C. It possesses information about all endpoints, nodes, and external networks related to the fabric.
D. It provides integration and automation for all nonfabric nodes and their fabric counterparts
B. It is responsible for the design, management, provisioning, and assurance of the fabric network devices.
In Cisco SD-WAN, which protocol is used to measure link quality?
A. OMP
B. BFD
C. RSVP
D. IPsec
B. BFD
Bidirectional Forwarding Detection (BFD) runs through the DTLS session between the remote site and the regional hub. BFD is a detection protocol originally designed to provide fast forwarding path failure detection times between two adjacent routers. SD-WAN uses BFD to make appropriate forwarding decisions, sending application traffic down the best-performing path toward the cloud SaaS application device.
What is used to perform QoS packet classification?
A. The Options field in the Layer 3 header.
B. The Type field in the Layer 2 frame.
C. The Flags field in the Layer 3 header.
D. The ToS field in the Layer 3 header.
D. The ToS field in the Layer 3 header.
Type of Service (TOS) An 8-bit field where only the first 3 bits, referred to as IP Precedence (IPP), is used for marking, and the rest of the bits are unused. IPP values range from 0 to 7 and allow the traffic to be partitioned into up to six usable classes of service; IPP 6 and 7 are reserved for internal network use.
Which technology is used as the basis for the Cisco SD-Access data plane?
A. IPsec
B. LISP
C. VXLAN
D. 802.1Q
C. VXLAN
VXLAN An overlay data plane encapsulation scheme was developed to address the various issues seen in traditional Layer 2 networks. It does this by extending Layer 2 and Layer 3 overlay networks over a Layer 3 underlay network, using MAC-in- IP/UDP tunneling.

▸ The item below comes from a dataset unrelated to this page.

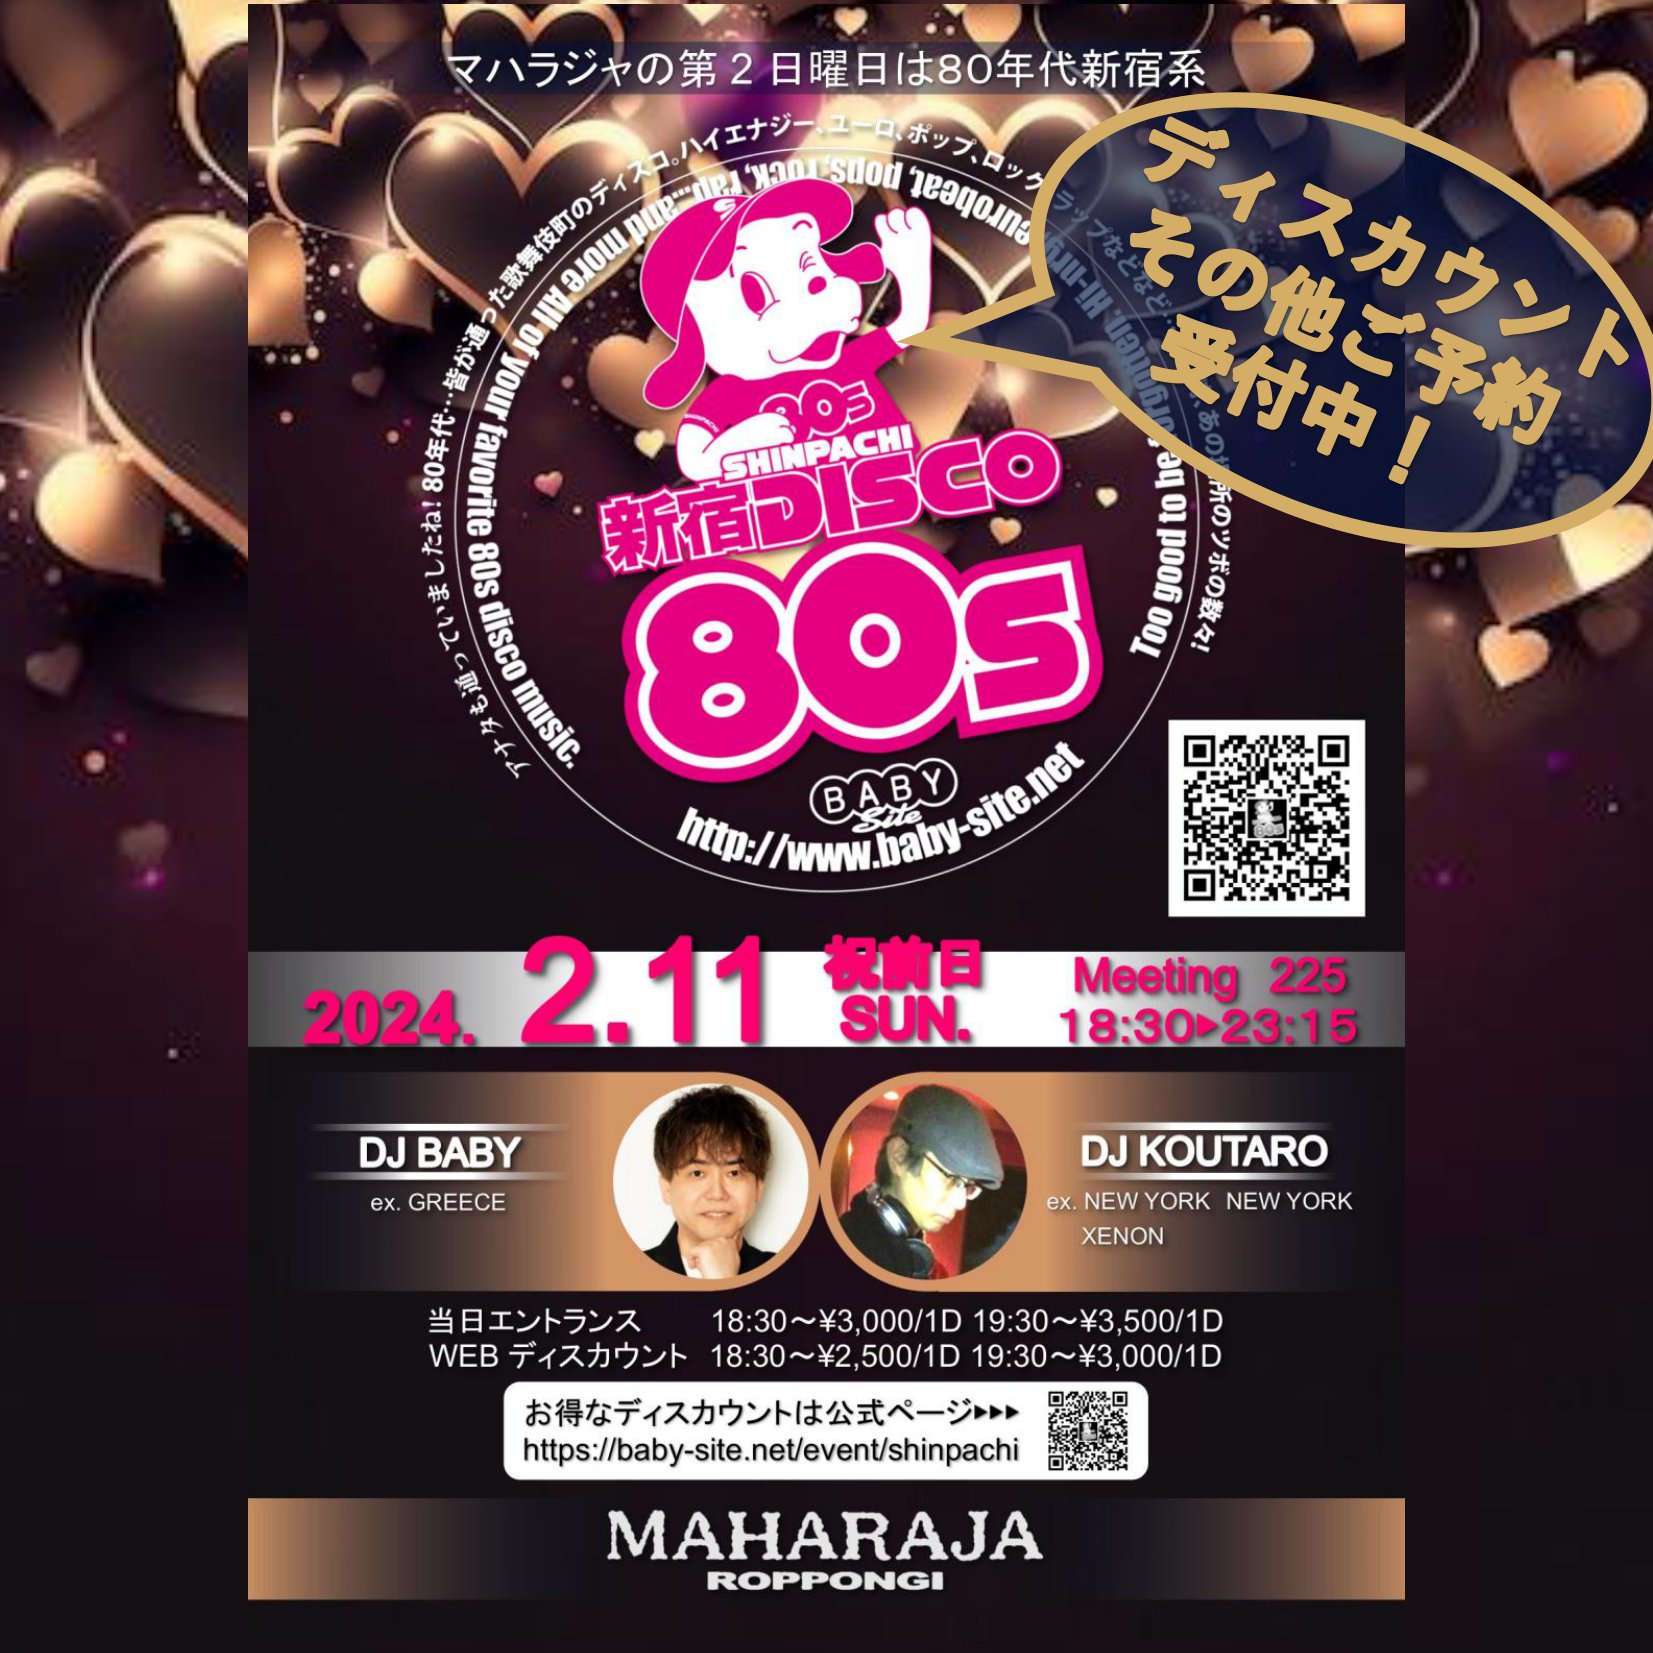 3/10(日)18:30『SHINPACHI新宿DISCO80s』MAHARAJA六本木 – DJ BABY

Each overlay is termed a VXLAN segment. Unlike the VLAN ID, which has only 12 bits and allows for 4000 VLANs, VXLAN has a 24-bit VXLAN network identifier (VNI), which allows for up to 16 million VXLAN segments (more commonly known as overlay networks) to coexist within the same infrastructure
What are the four different VXLAN control and data planes supported by Cisco?
VXLAN with Multicast underlay
VXLAN with static unicast
VXLAN tunnels
VXLAN with MP-BGP EVPN control plane VXLAN with LISP control plane
What is the function of a fabric border node in a Cisco SD-Access environment?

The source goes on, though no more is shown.